There are many players in the Albanian construction industry. What are the competitive advantages of your company?
It is difficult from our part to stand here and say why we are better than the others, but we can say that we got to where we are through hard work. We are among the top three biggest Albanian infrastructure companies, and that means we have experience. We have invested a lot. We have also arguably taken on more risks than our competitors with our role in the current road project. We took a step further than other companies by entering into what is the first project of its kind in Albania. It took a lot of guts to do this, but we think we made a good decision, and we hope that we will succeed as a result.
What would you like the German audience to understand about your company and your country?

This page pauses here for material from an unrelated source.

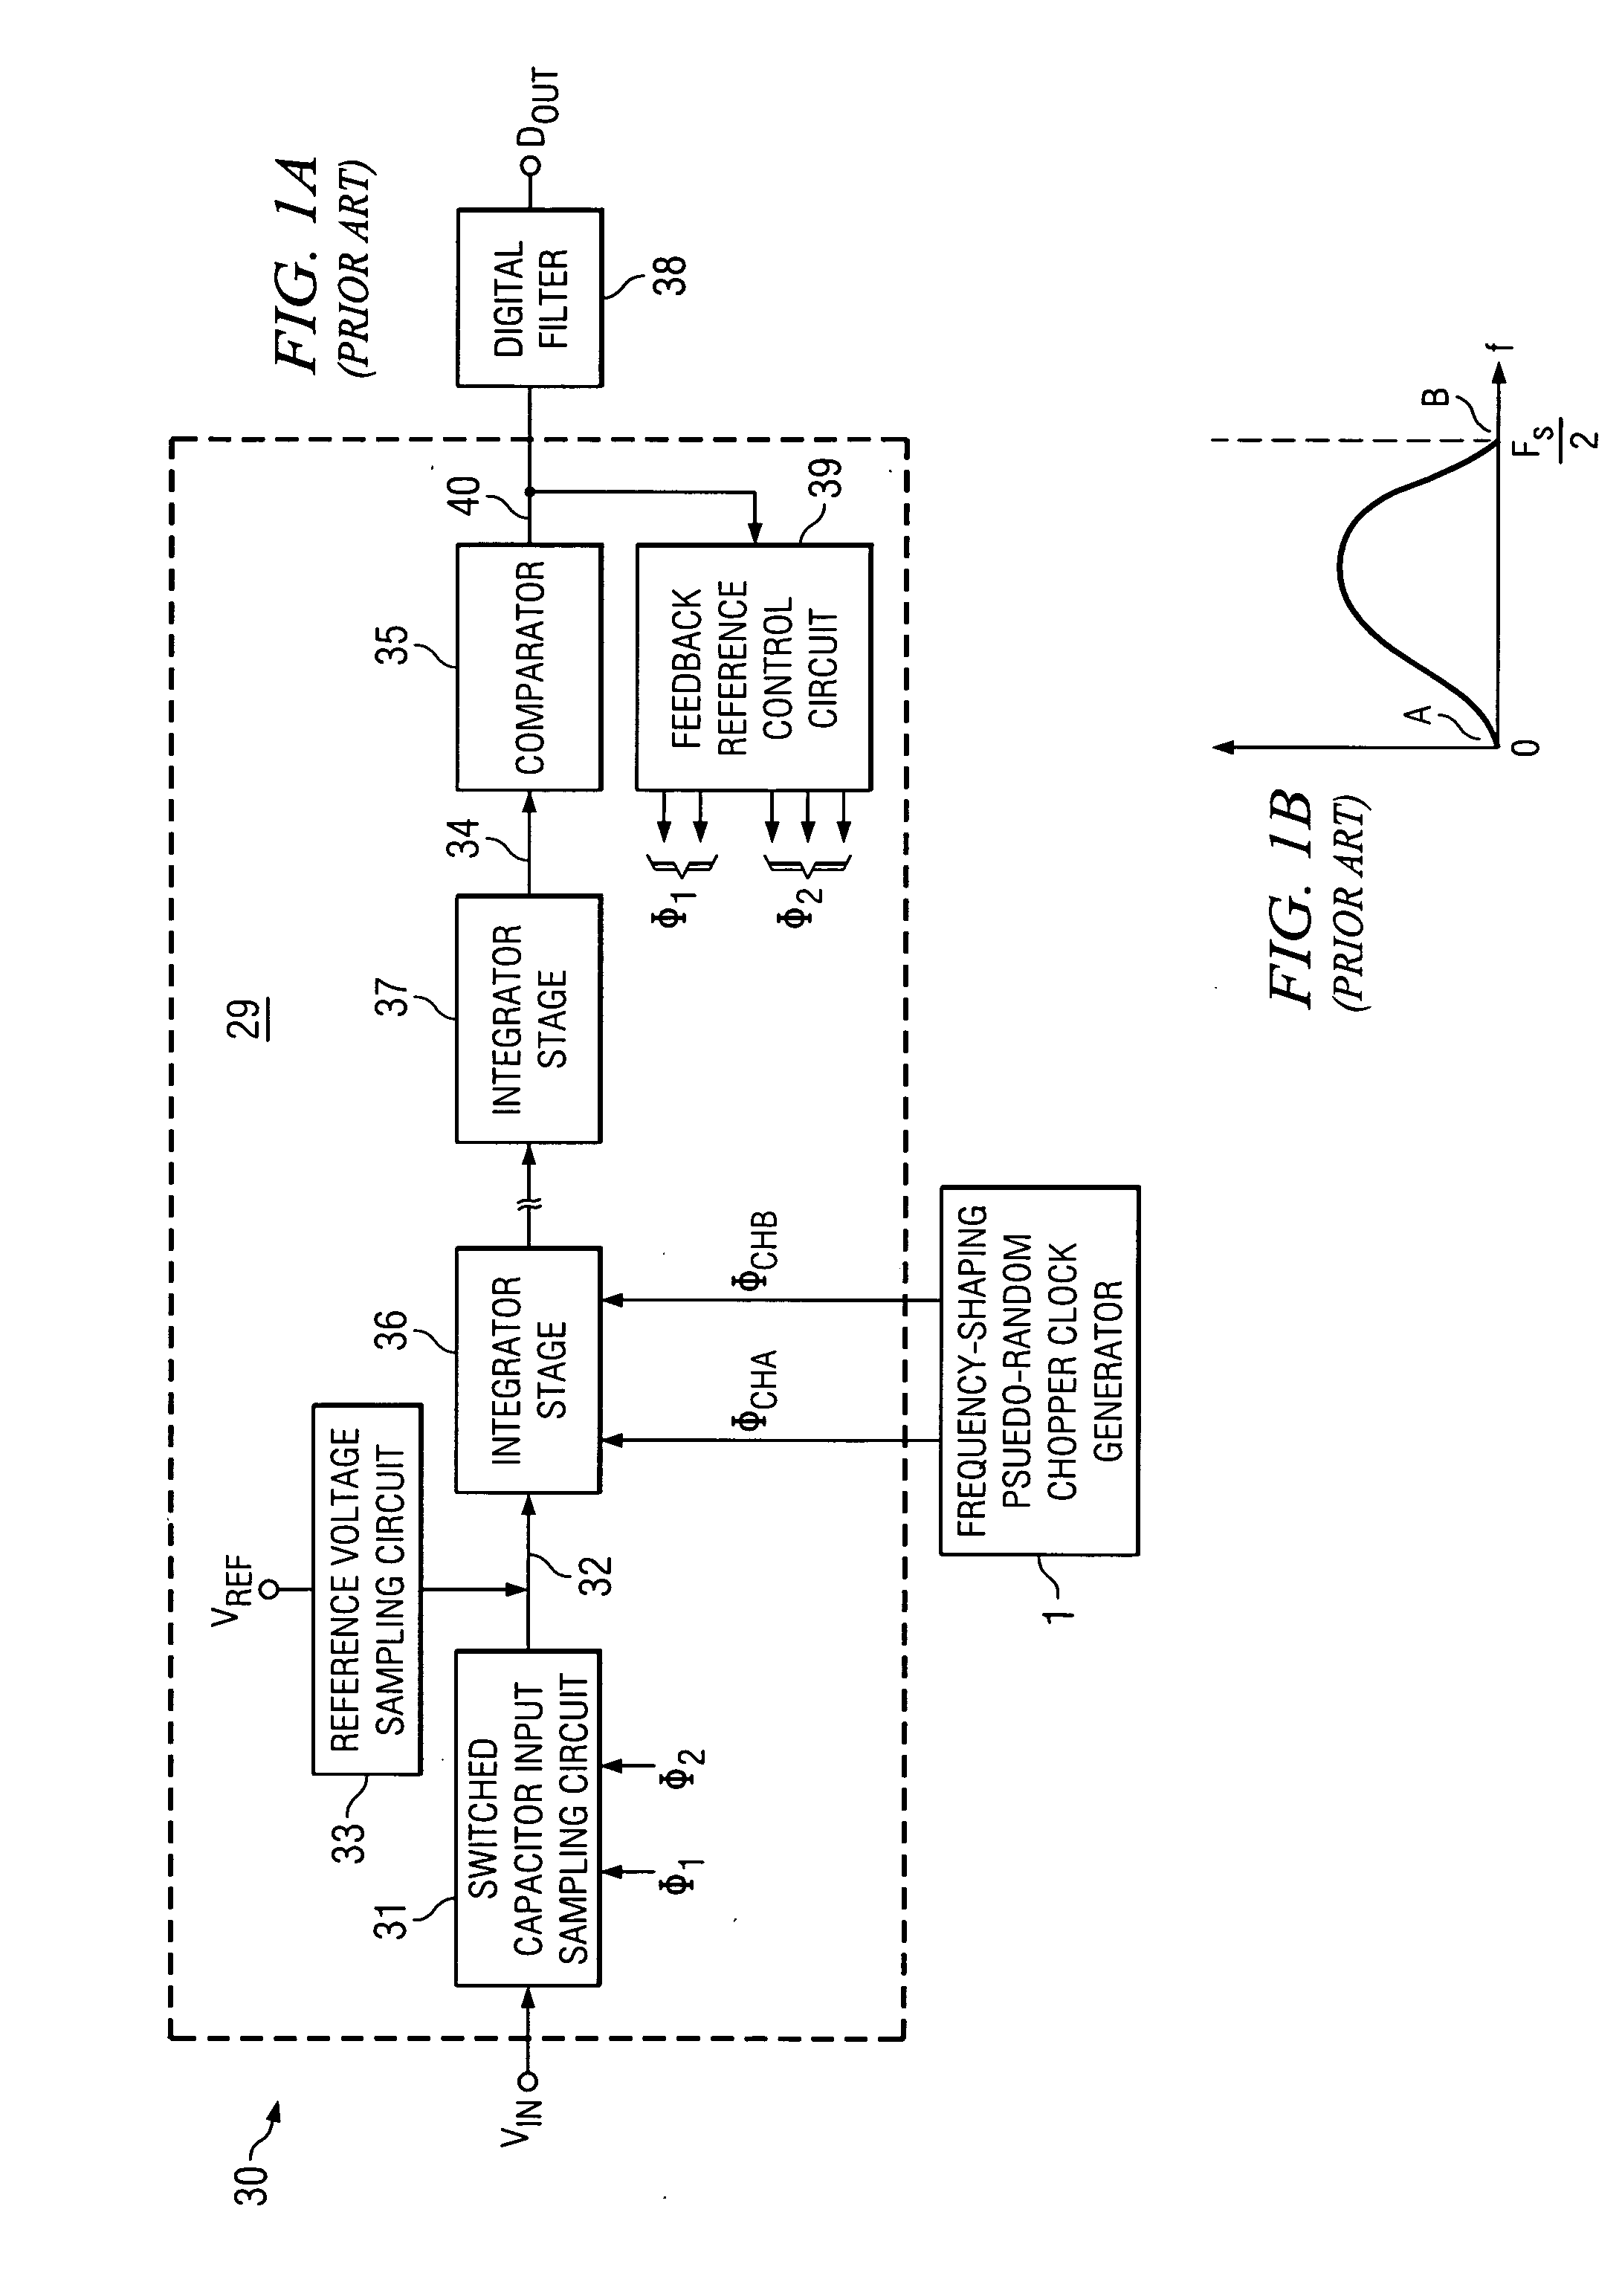 Oversampling analog-to-digital converter and method with reduced chopping residue noise

Albanians are known for their hospitality, and I would like to extend to them an invitation to come here, maybe even to teach us something, to collaborate, and to help us to go further. We have a good climate, we have the sea, we have the mountains, and Albania offers a lot of possibilities for investment. Albanians respect Germany a lot, so they will be welcome here. We see them as an example of how we need to be in the future. There are a lot of German companies here, but let more come and have the guts to take a chance on Albania. Albania has improved greatly over the last 25 years. It is becoming better every day. The time has now come for companies from the rest of Europe to look at Albania. Albania can do great things, and the rewards for those who take the opportunity will be great.